David Brooks marrs an otherwise solid column about the contradictions of conservatism's hatred of "the elite" with this statement:
The feminists declare that [Palin is] not a real woman because she doesn’t hew to their rigid categories.
No, feminists don't like Sarah Palin because she wants to, at best, give state governments jurisdiction over women's bodies. The tokenism of her selection manages to be both insulting and incompetent at the same time (as Ann argued on the day the selection was announced). But if anyone has been "hewing to rigid categories" it's the people who have claimed that she represents a new "feminist ideal" by being the kind of woman some people want "laying next to" them. And as Courtney Martin argues, Palin's candidacy is in and of itself an argument for traditional gender roles.

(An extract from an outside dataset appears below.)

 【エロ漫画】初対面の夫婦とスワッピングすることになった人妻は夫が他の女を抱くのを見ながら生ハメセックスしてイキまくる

Palin appeals to many conservatives precisely because of her non-political, (but politicized) qualities, her big family, and her physical attractiveness. They see in her what a woman "should be." (After all, "who wants to stare at an aging woman," who isn't "a babe" eh, Rush?) But the very notion that woman "should be" something other than what she wants to be is what feminists have been fighting since the beginning of the movement.
Feminists may not embrace Palin as one of them, but that's not the same as sayingshe's not "a real woman." That's the kind of argument conservativesmake about feminists.